Republican Compares Pre-Existing Conditions To Car Crashes
One of the sticking points for many in the Republican health care bill is the manner in which it treats people with pre-existing conditions. It's complex, but essentially, the GOP plan indirectly allows insurance companies to deny comprehensive health coverage to people with preexisting conditions — a practice banned under Obamacare. Sen. Ron Johnson said that this is perfectly OK, and to explain why, on Sunday's Meet the Press, the Wisconsin Republican compared having pre-existing conditions to causing car accidents.
We've done something with our healthcare system that you never even think about doing, for example, with auto insurance, where you'd require auto insurance companies to sell a policy to somebody after they crashed their car. States that have enacted guaranteed issue, which is the guarantee for preexisting conditions, it crashes their markets. It causes these markets to collapse, it causes premiums to skyrocket.

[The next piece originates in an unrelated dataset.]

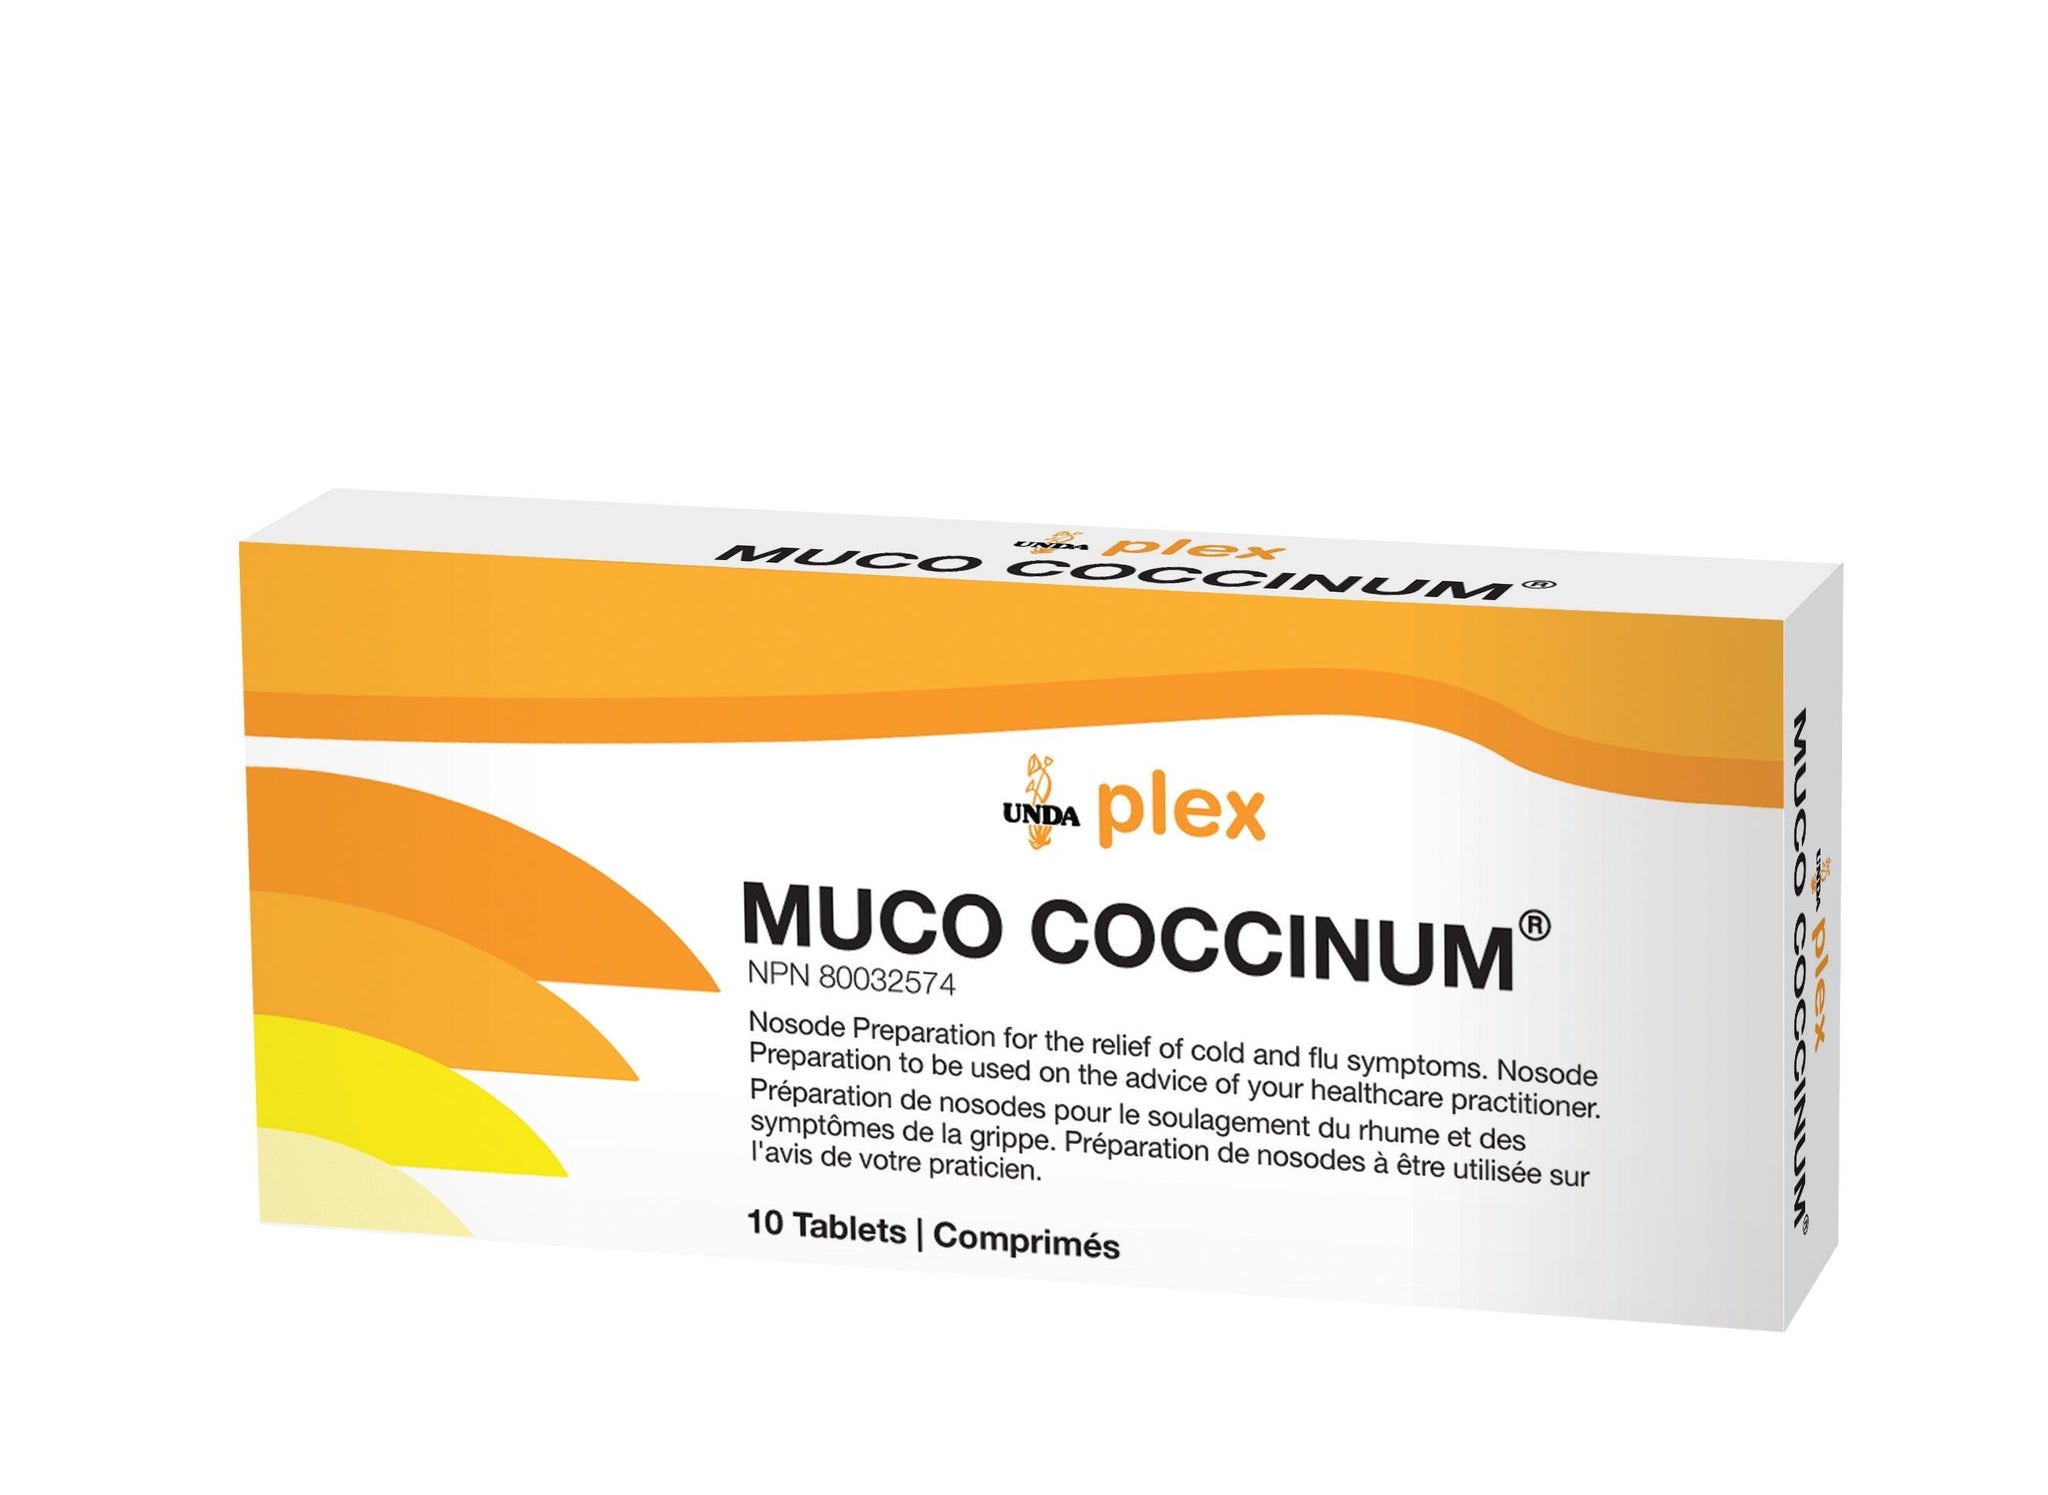 UNDA Muco Coccinum 200 10t

Johnson's argument appears to be that people who have preexisting conditions should pay more for health insurance, just as people who crash their cars should pay more for auto insurance. But millions of Americans have preexisting conditions through absolutely no fault of their own. For example, a partial list of health issues that were considered pre-existing conditions prior to Obamacare includes cancer, multiple sclerosis, bipolar disorder, cerebral palsy, cystic fibrosis, Parkinson's disease, sleep apnea, and depression.
Sen. Johnson is implying that folks with these ailments are just as much to blame for their suffering as are people who crash their cars. Nobody knows what causes illnesses like multiple sclerosis or Parkinson's, and as such, there's no known way to avoid them.
Analogies like the one the senator used imply that being healthy or unhealthy is simply a matter of personal responsibility. But as doctors have pointed out, while personal behavioral choices can prevent some illnesses, they can't prevent all of them. There are loads of health problems that aren't avoidable, because doctors still don't know what causes them. Deadly ailments are often both unforeseeable and unavoidable, which is why Obamacare required that people with them have access to health care.
However, several Republicans seem to believe the same sentiment as Johnson: In early May, Alabama Rep. Mo Brooks said health care should be cheaper for those who lead "good lives" and have done things "the right way."